Moral hazard is not a fixed doctrine. It requires flexibility and in times of crisis they accept that their action (the Fed’s) will not address the doctrine. On balance it is a price (overlooking moral hazard) they must pay for the greater good.
They have done it in the past so doing it again reflects a degree of consistency not a change in policy.
Paul asks:
How do you respond to the moral hazard argument of the Fed bailing out Bear Stearns?
I’ll let the word ‘bailout’ go for now, and begin by saying the liability side of banking is not the place for market discipline, and it’s also probably not the place for market discipline for the Fed’s appointed (anointed?) ‘primary dealers.’
(I will also not here question the idea of having primary dealers in the first place, but don’t take that mean i approve of that setup, thanks!)
So given the Fed wants primary dealers, it then follows there are specific securities they go along with this assigned role.
Presumably those would include the likes of tsy secs, maybe agency paper, maybe AAA rated mtg backed securities, etc.
Presumably also are functions the Fed wants its primary dealers to perform, like being market makers, providing some notion of liquidity, etc. etc.
And, presumably, the Fed has some notion of public purpose behind this entire creation.
So, given all that, to support this ‘institution of public purpose,’ it behooves the Fed to ensure the primary dealers themselves have the available lines of credit to perform this vital public function (almost hurts to write that”¦).
The bank primary dealers do have ‘guaranteed liquidity’ and so are safely able to function as primary dealers, knowing they can always finance their inventory positions.

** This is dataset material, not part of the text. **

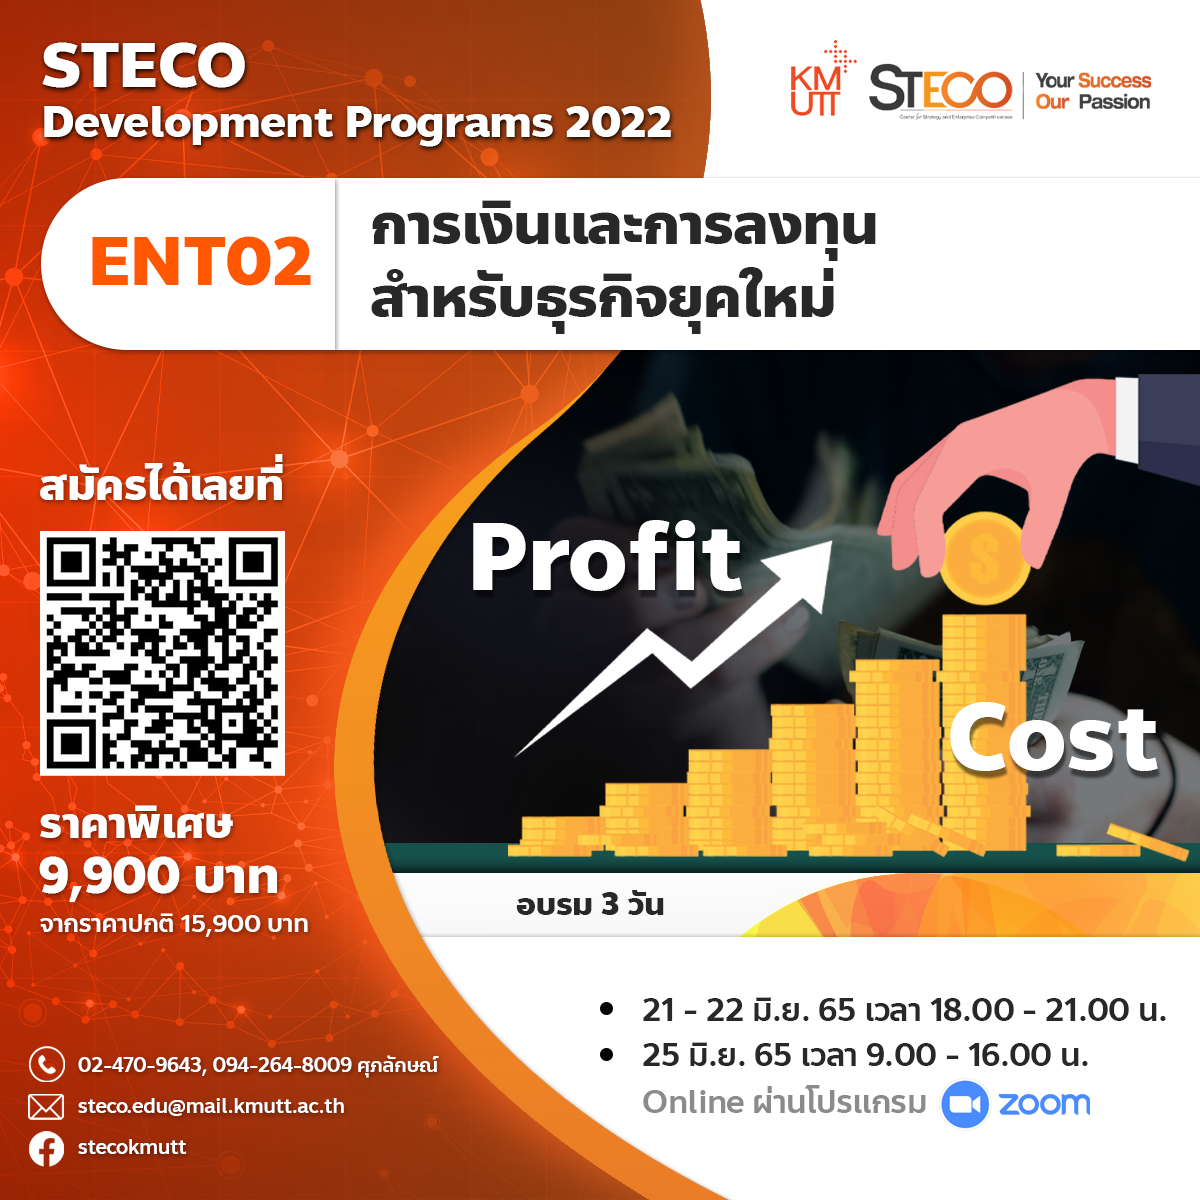 ENT02: Financial Management and Investment for Modern Enterprise

This can be done via raising fed ensured bank deposits, and borrowing from the fed by using their inventory as collateral, etc.
The non banks were at a disadvantage to the banks in that they relied on the banks to fund their inventories.
Bear Stearns got shut down when the banks said ‘no’ for non credit related reasons. Bear had perfectly good collateral that they held as part of their primary dealer function (as defined by the govt regulations), and the banks said no, perhaps because they had their own internal issues.
The same would happen to the banks, and the entire economy, if the Fed simply said no to the banking system and one morning and didn’t open the payments system.
It’s just one of countless flaws in the institutional structure that doesn’t get noticed until it’s a problem, no matter how many times I’ve pointed it out to ‘authorities.’
So to your question, while I do see a lot of other moral hazard issues, I don’t see this as one of them.
The Fed simply told JPM to deal with Bear in the normal course of business and lend vs qualifying collateral as has always been the case, and as is the case when the Fed lends to JPM.
Let me know if I’m missing something, thanks!